[INFORMATION SHOWN]:
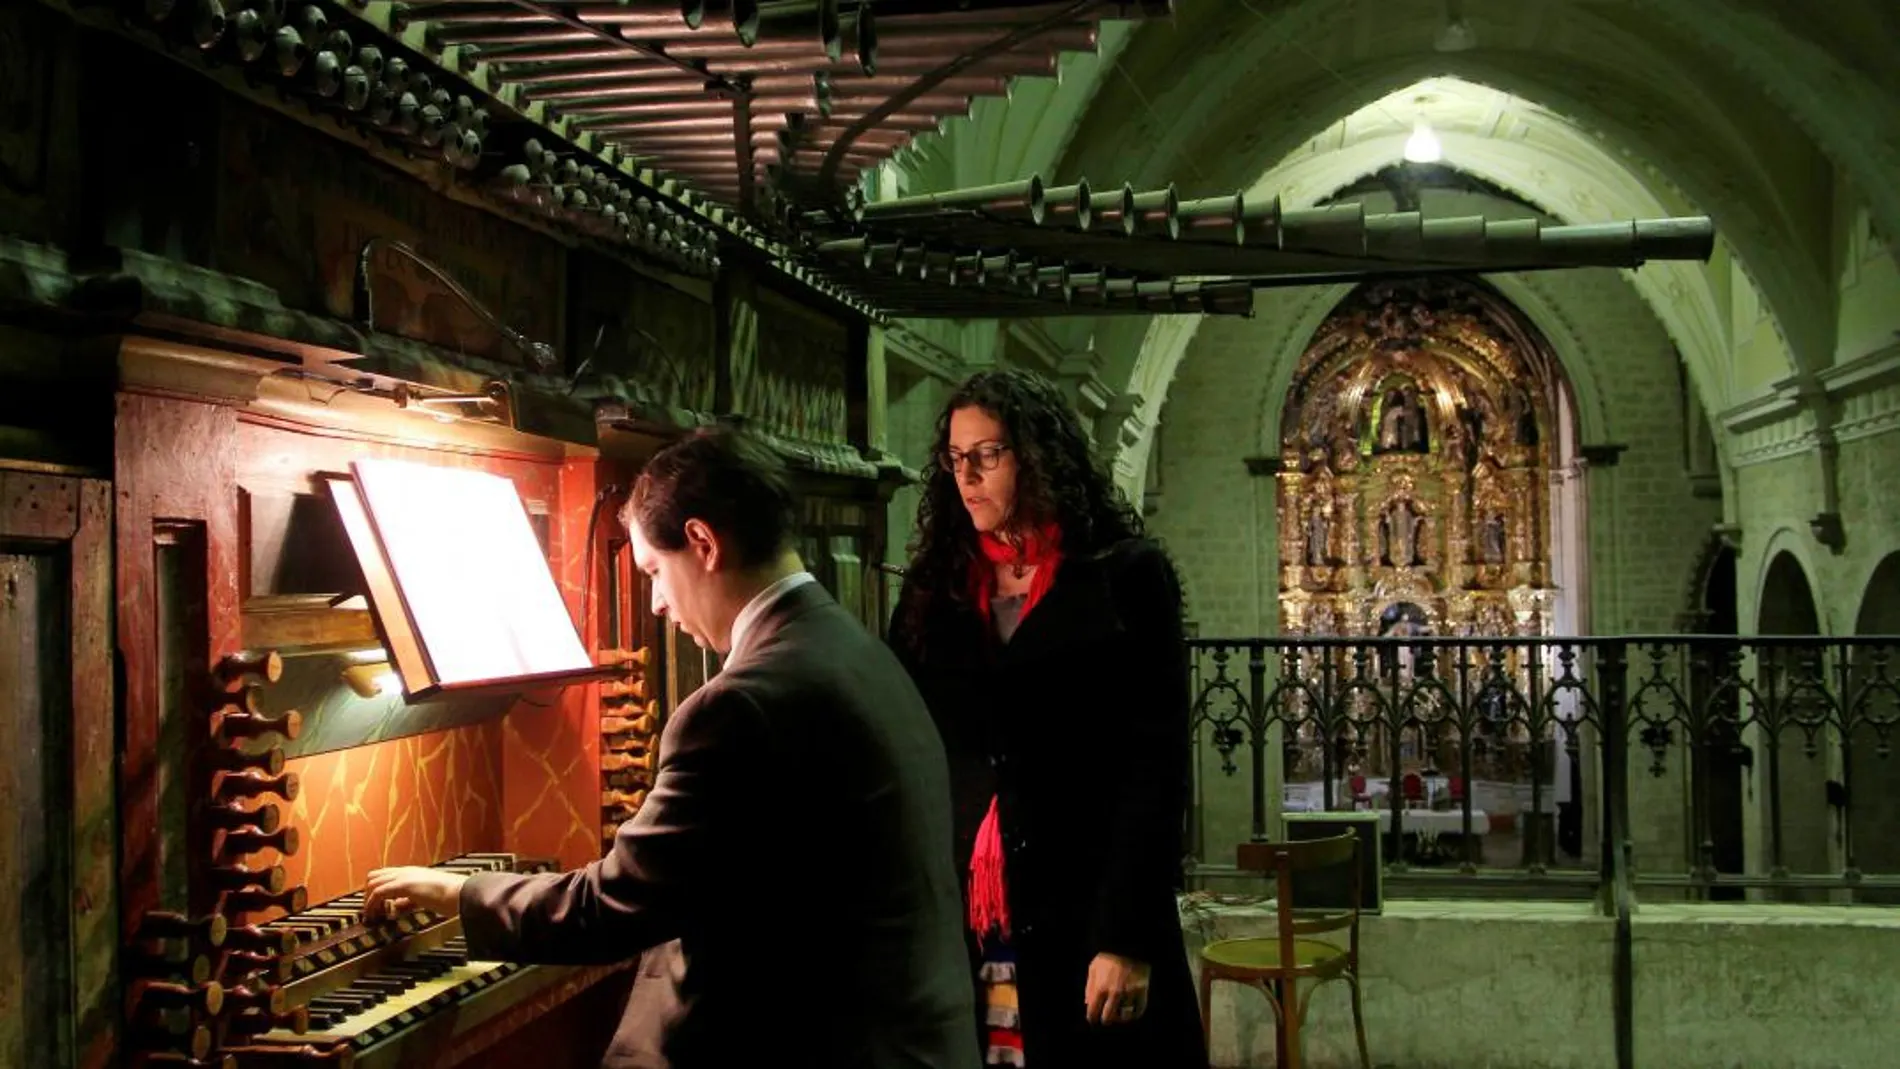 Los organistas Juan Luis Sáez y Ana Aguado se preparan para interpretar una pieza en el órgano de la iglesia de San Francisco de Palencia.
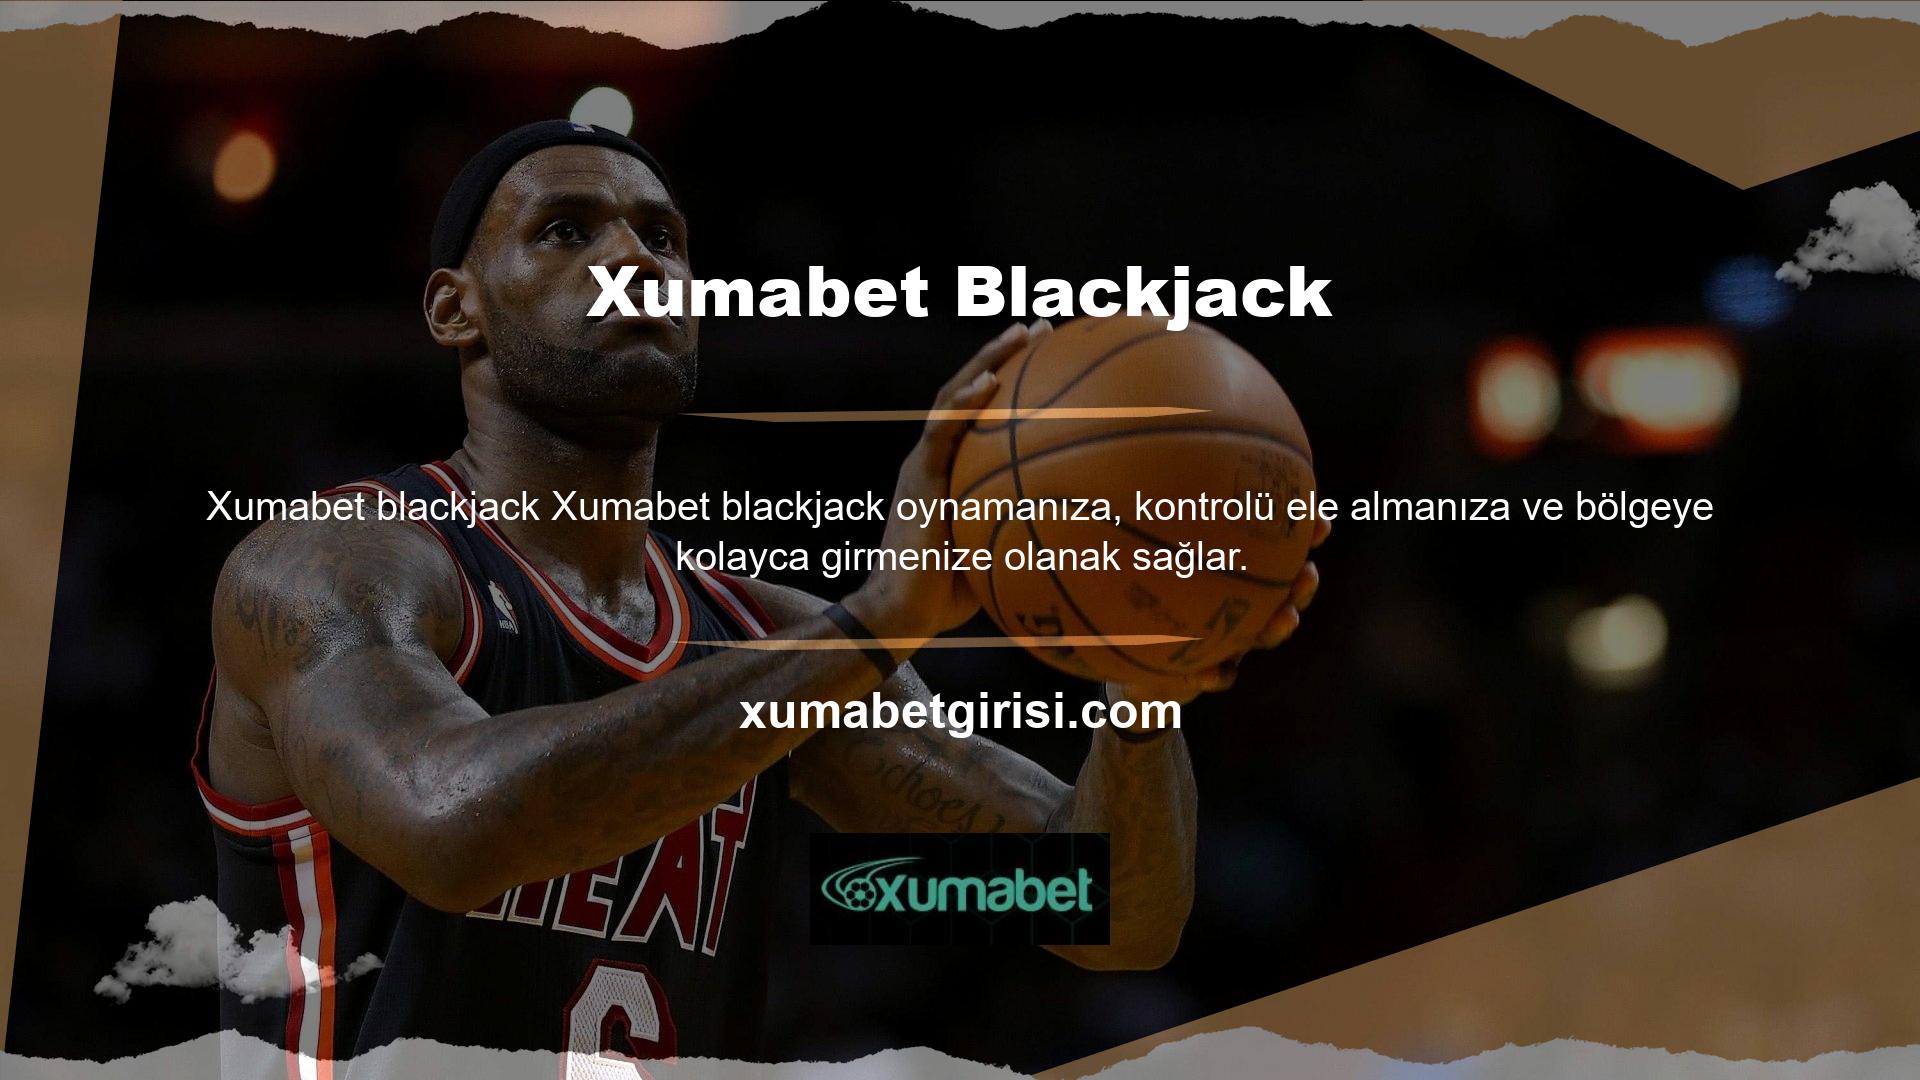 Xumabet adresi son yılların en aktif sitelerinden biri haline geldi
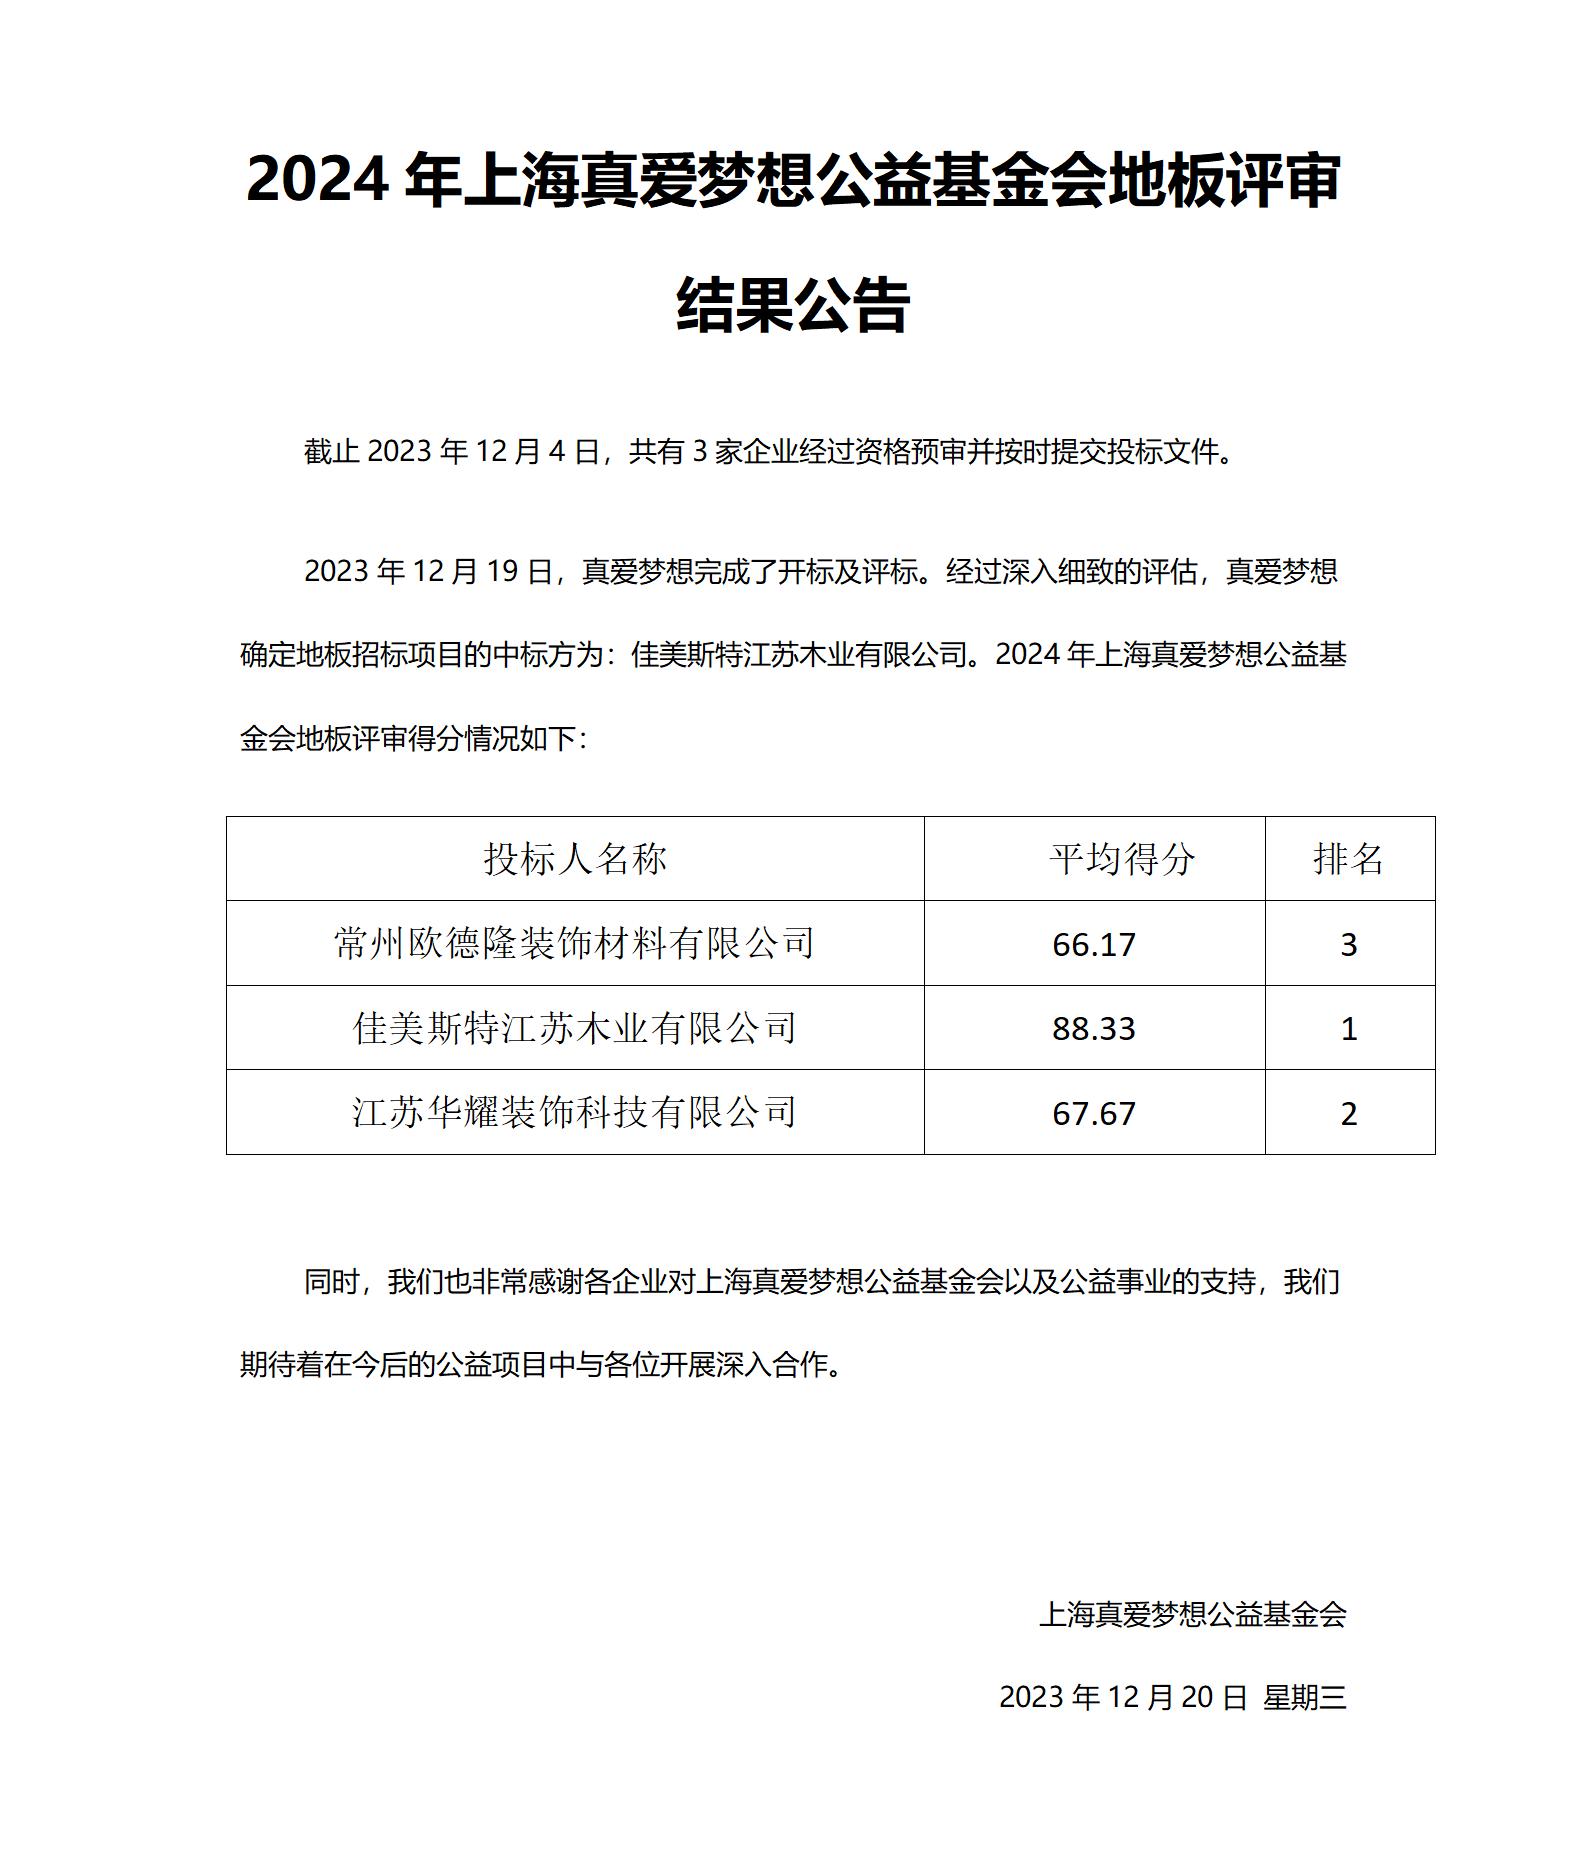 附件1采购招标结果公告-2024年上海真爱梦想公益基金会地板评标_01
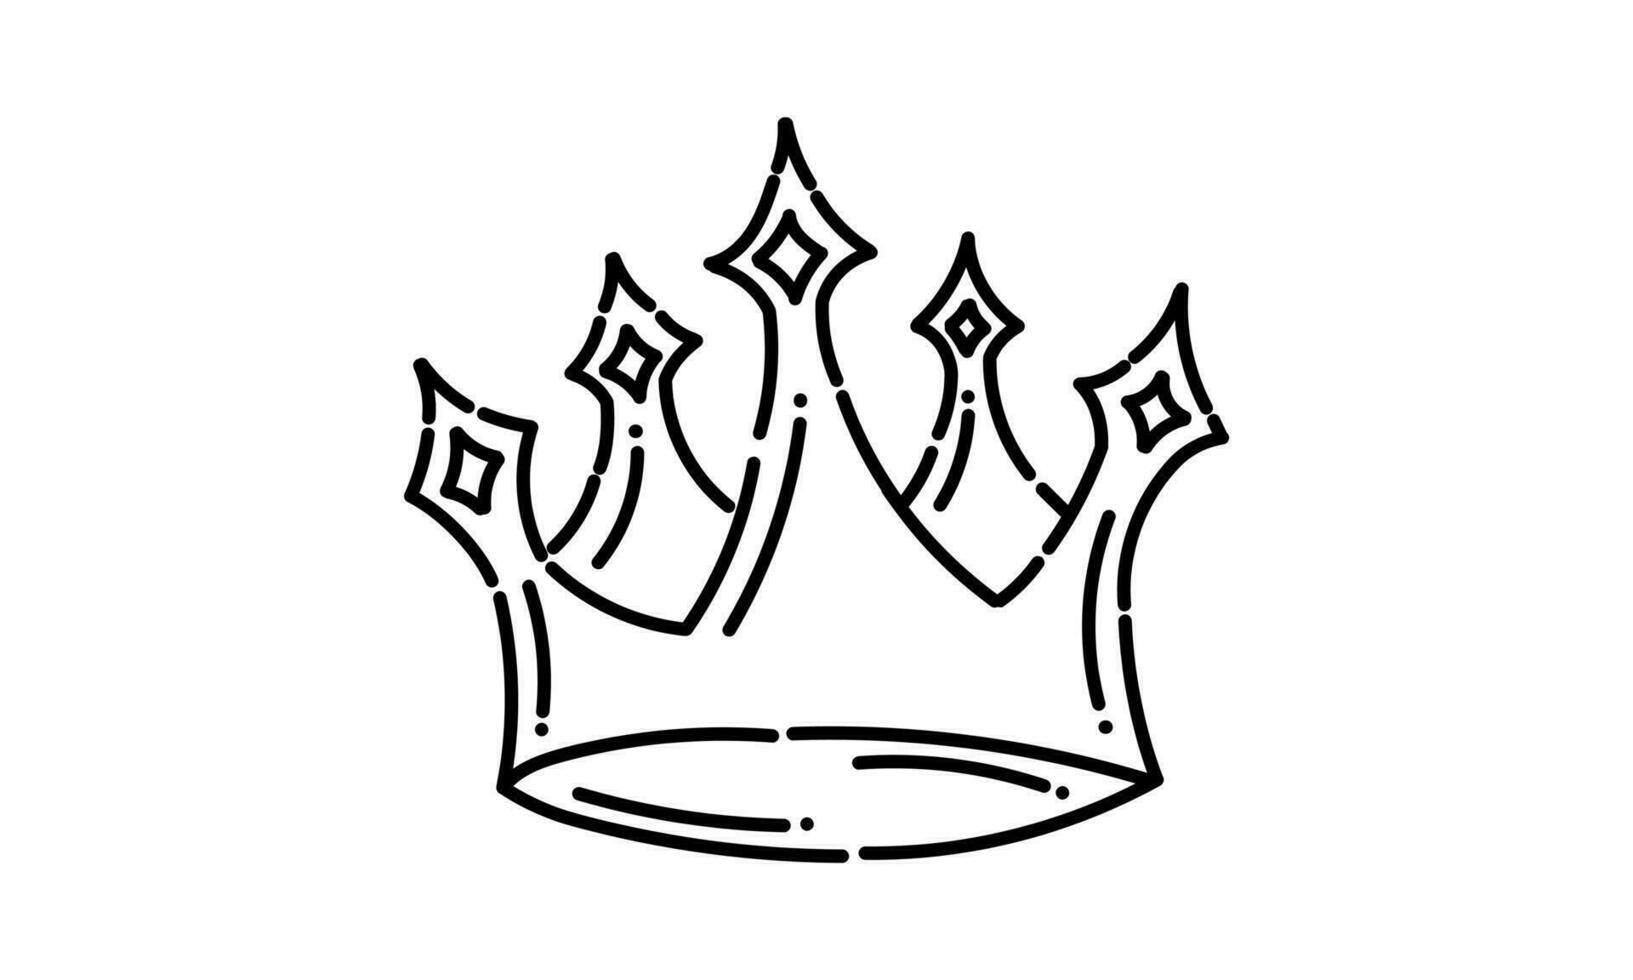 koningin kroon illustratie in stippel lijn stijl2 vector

[PROBLEM DESCRIPTION]: Quote, please, only the lines running from the one with "Xumabet adresi son" down to the final line of the data above, keeping both ends and skipping the pictures.

[EXERCISE OUTPUT]:
 Xumabet adresi son yılların en aktif sitelerinden biri haline geldi
 附件1采购招标结果公告-2024年上海真爱梦想公益基金会地板评标_01
 koningin kroon illustratie in stippel lijn stijl2 vector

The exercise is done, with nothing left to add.